* Supplied information:
= = = = = = =

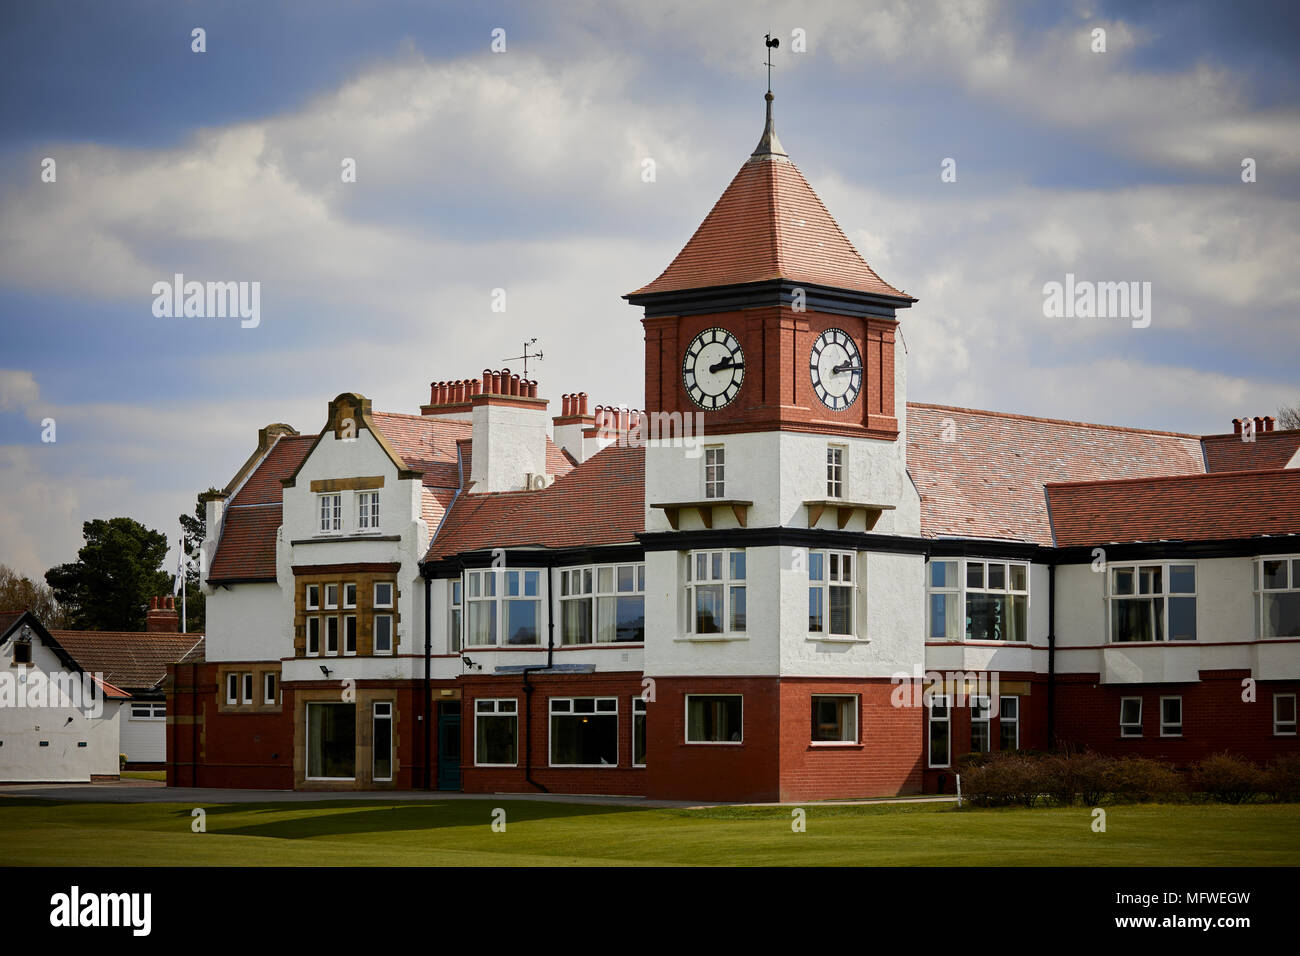 Formby, Arrondissement de Sefton, Merseyside, Angleterre. Formby Golf Club club house Banque D'Images
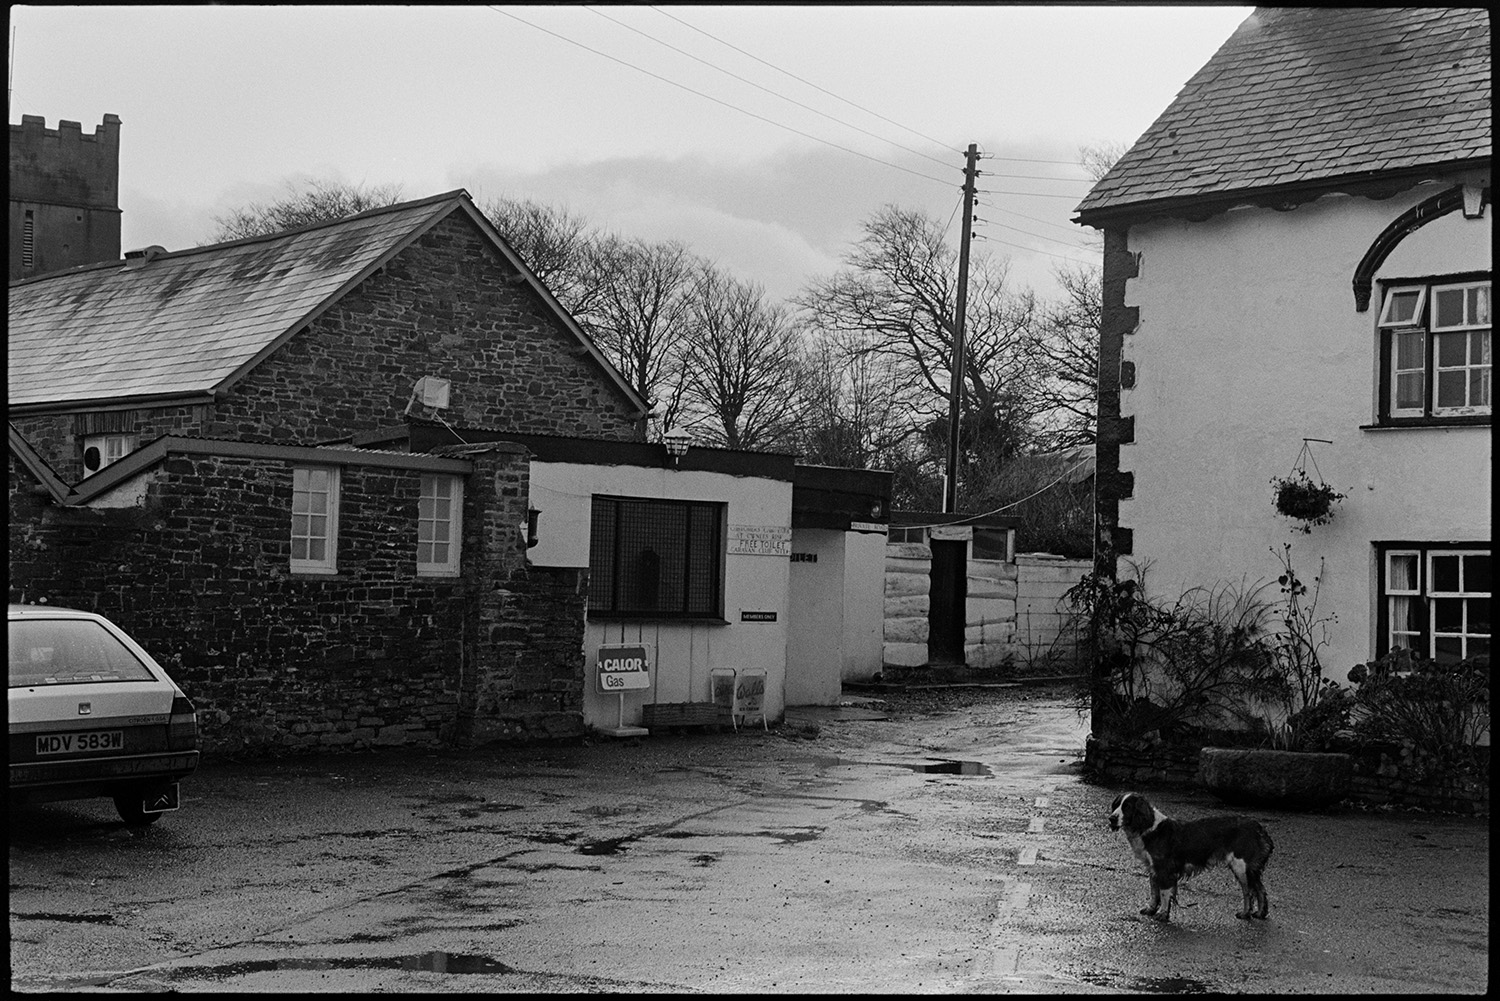 Street scenes, lens test. 
[A dog stood outside the Royal Oak pub in Dolton, opposite a building with a 'Calor Gas' sign outside. Dolton Church can be seen in the background. The image was taken during a lens test by James Ravilious.]
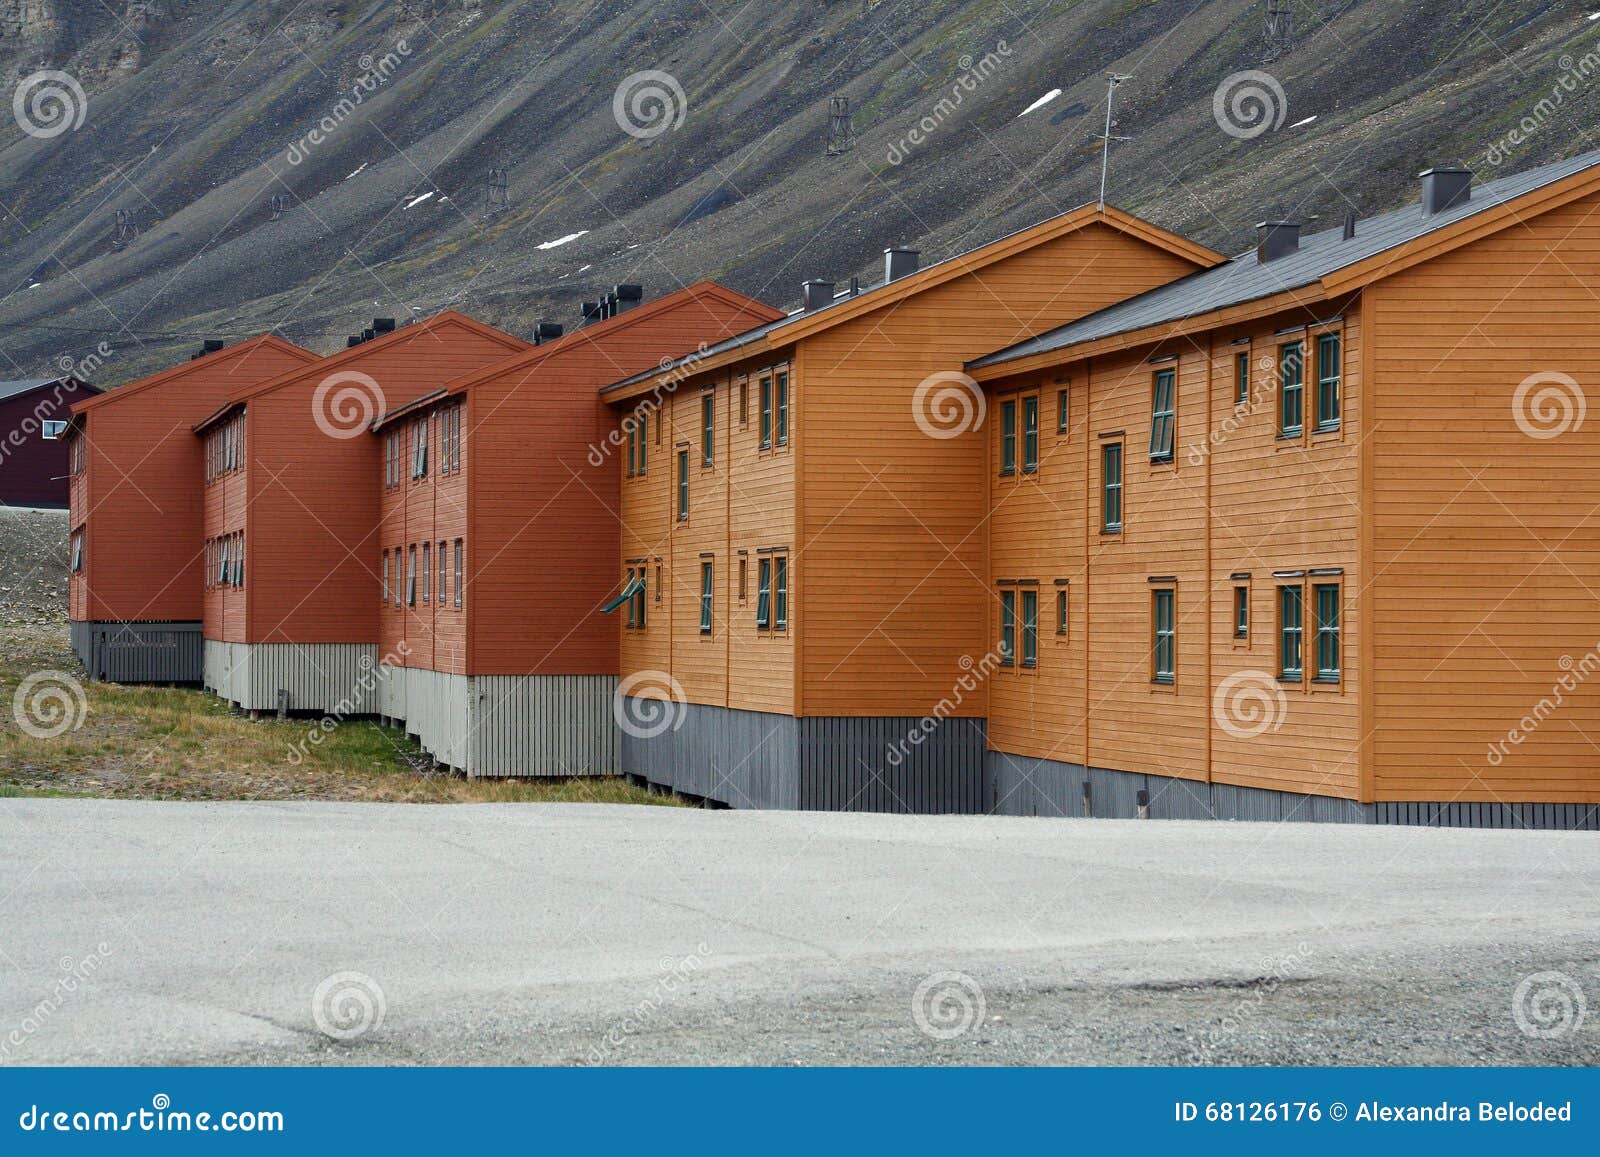 wooden miners houses on svalbard or spitsbergen

= = = = = = =

Set down the material exactly as given, but print none of the pictures.

 Formby, Arrondissement de Sefton, Merseyside, Angleterre. Formby Golf Club club house Banque D'Images
 Street scenes, lens test. 
[A dog stood outside the Royal Oak pub in Dolton, opposite a building with a 'Calor Gas' sign outside. Dolton Church can be seen in the background. The image was taken during a lens test by James Ravilious.]
 wooden miners houses on svalbard or spitsbergen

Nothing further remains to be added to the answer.